# First Trip



## Fire44 (Mar 6, 2005)

Well the Outback is loaded and hitched to the Suburban. We are leaving at 4 AM for our first true camping trip...First stop will be in SC and then on to FL.

I will post some photos after the first of April and to all the Mid Atlantic Outbackers': we are going to try and make it to the Rally on Friday or Saturday.









Again thanks to everybody that has answered my questions and helped us to get ready for this trip.









Talk to you all soon.
Gary


----------



## borntorv (Apr 13, 2004)

Gary,

Good luck on the trip. Hope it's a lot of fun. Let us all know how it turns out when you get back.


----------



## NDJollyMon (Aug 22, 2003)

Happy trippin'!


----------



## Fire44 (Mar 6, 2005)

Well we made it to NC on Sat nite and had to pack up in a driving rain storm. We had water to the bottom of the rims on the Suburban. About 30 miles down the road I remembered the lock and chock that I had used on the Outback....they work great...but in the rain I had forgetten to remove it...If any one sees it let me know!!!! Had one close call in the rain, ran into about 18" of standing water on I95 at about 45 mph...though I was going to have to stop for a change of pants.

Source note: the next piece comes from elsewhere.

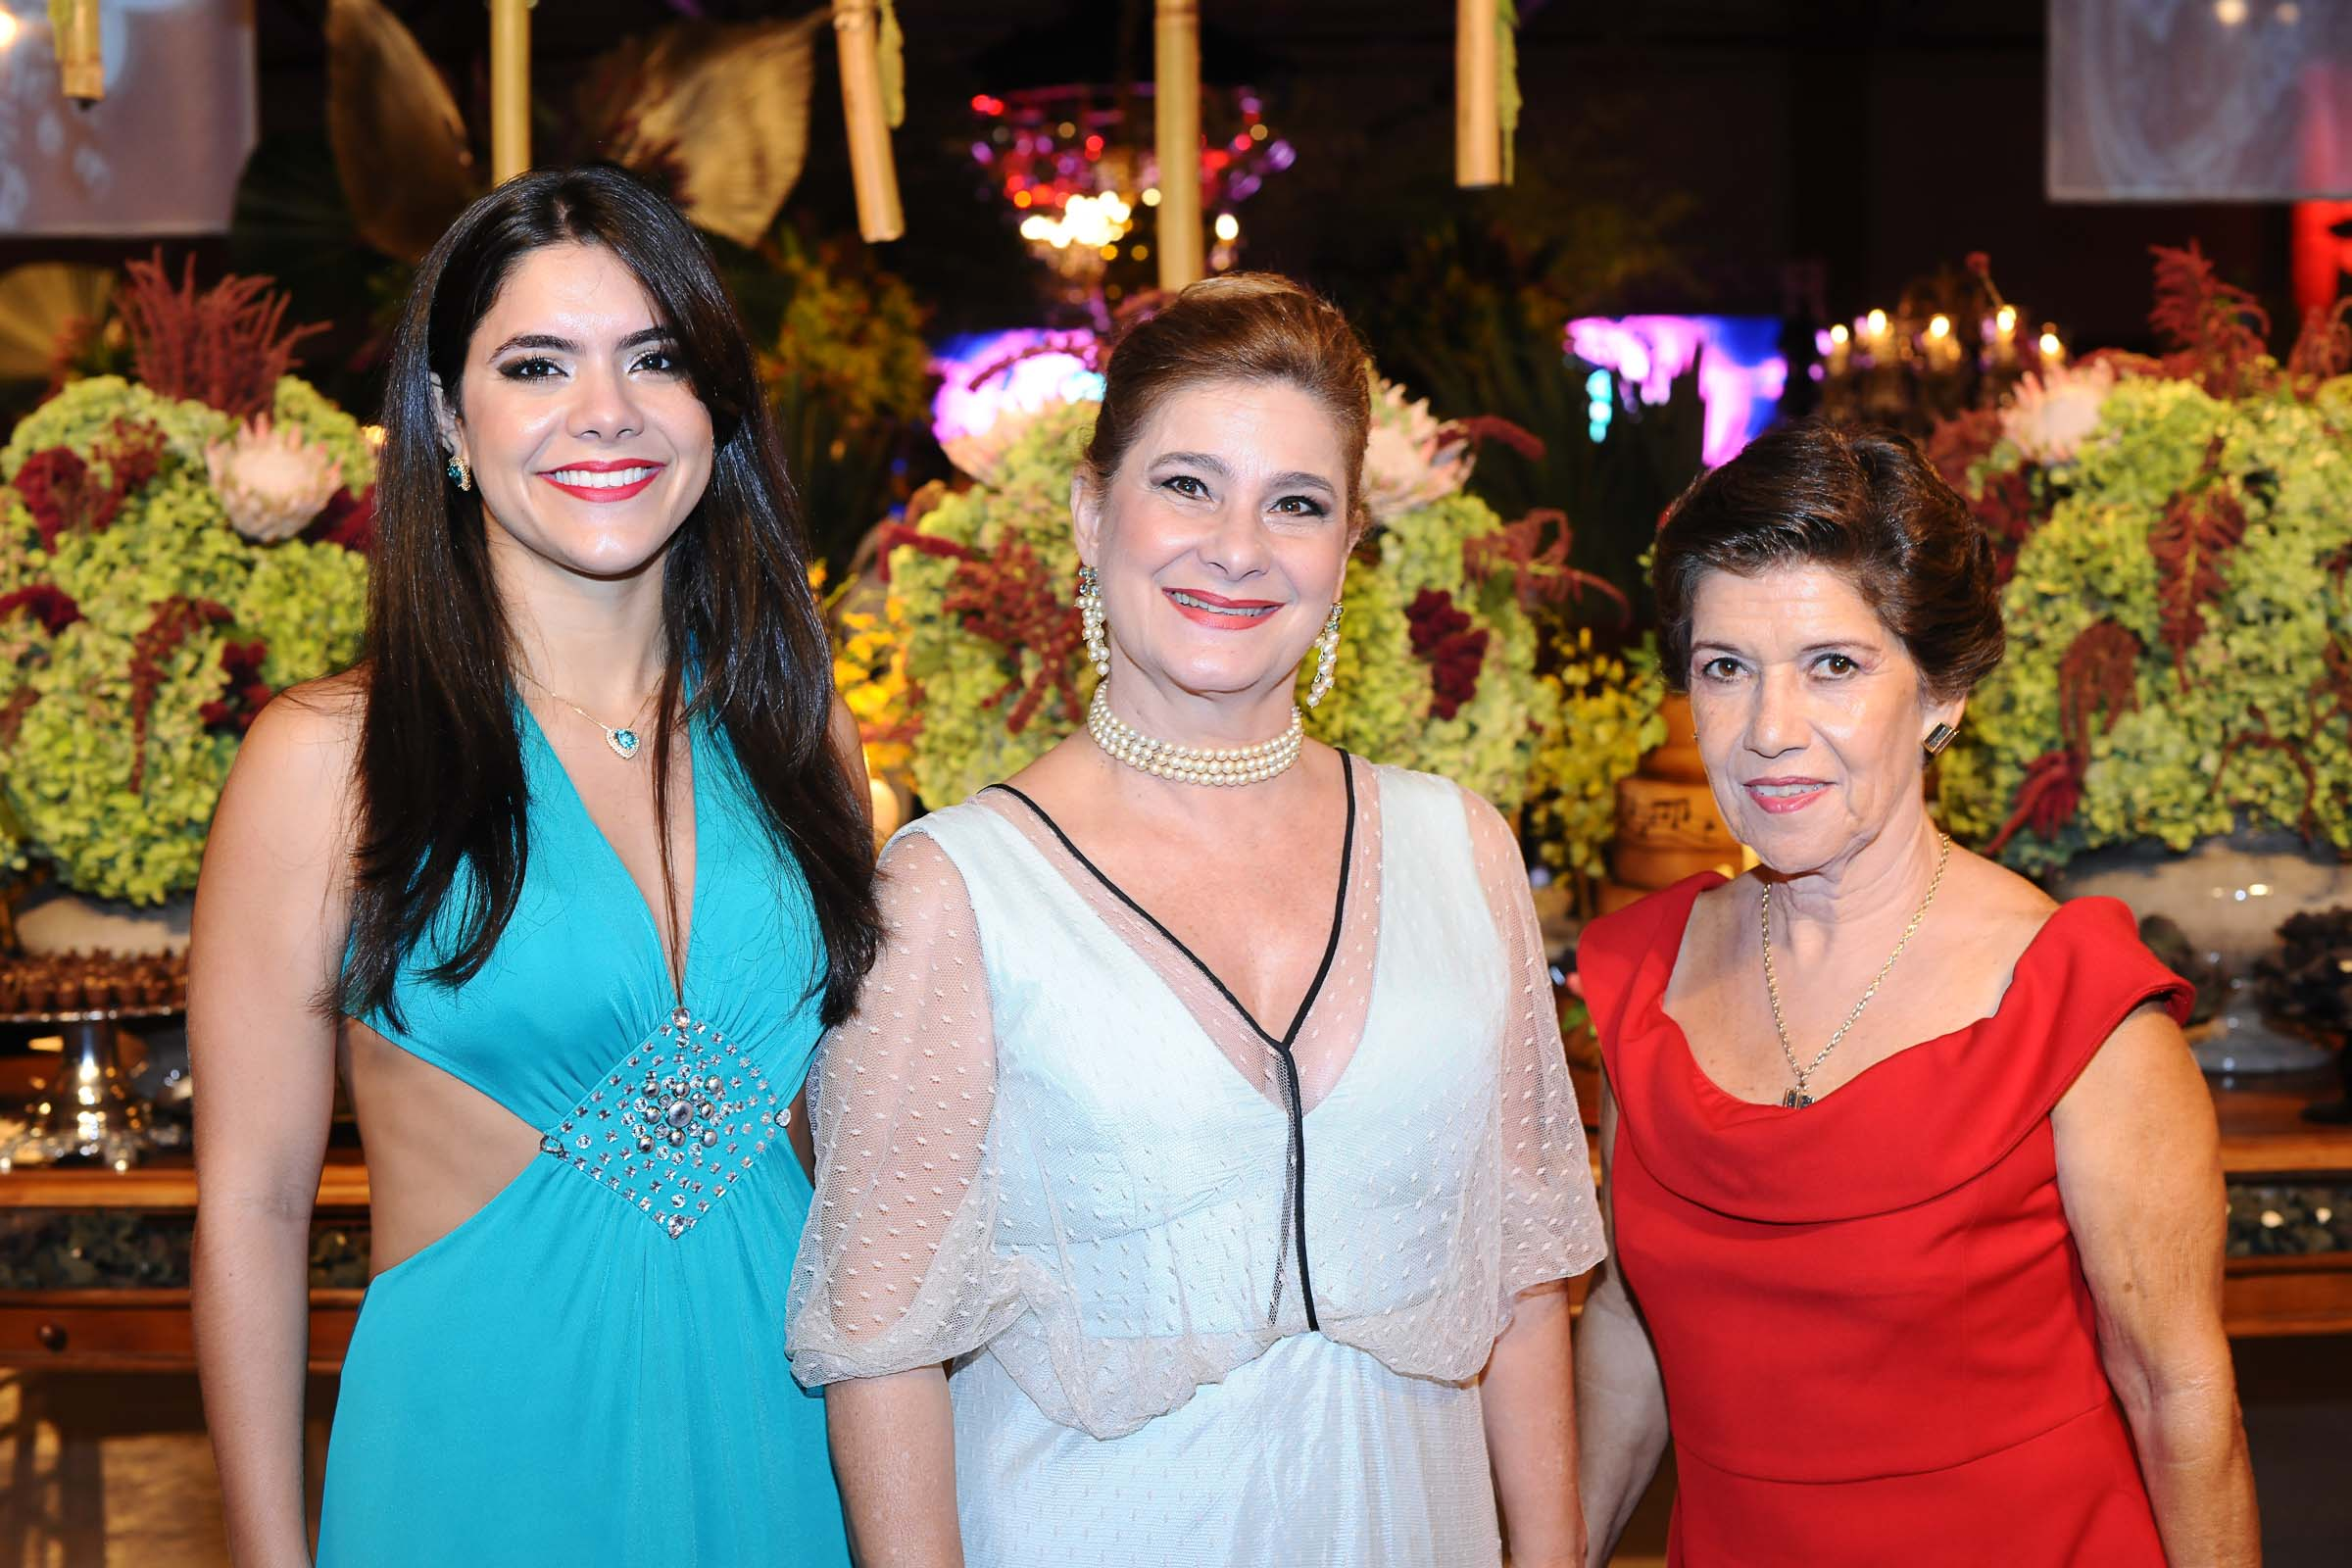 Mayara Neves, Juci Palieraqui e Gil Cleide Alves

FL has been great, spent 3 day in Universal Studios and had to leave when the lines got over the 100 minute mark. Moved on to New Smyrna Beach and when to the Cape Space Center today. Found a park that has free wireless internet and just had to post a update. Should be moving north in the morning...Daytona Beach for the day (they let you take campers on the beach, showers before we leave and steak sandwichs for lunch.

We are planning at stop at Bethpage on Fri or Sat nite if all goes well.

Gary


----------



## mswalt (Sep 14, 2004)

Gary,

I sure wish I was with y'all on that trip. Have a great time.









Keep us posted on your fun.

Mark


----------



## Not Yet (Dec 13, 2004)

Gary,

Sounds like things are going great. I am glad you have not had to call - becasue that would mean something went wrong.







. Enjoy the beach an the drive north. action

Jared


----------



## Thor (Apr 7, 2004)

Gary

It sound like the rain hasn't stopped your fun sunny

At least you do not see any white stuff. Just looking out my window and it is white stuff is falling...well at lest i is not staying on the ground yet.

Enjoy the rest of your trip









Thor


----------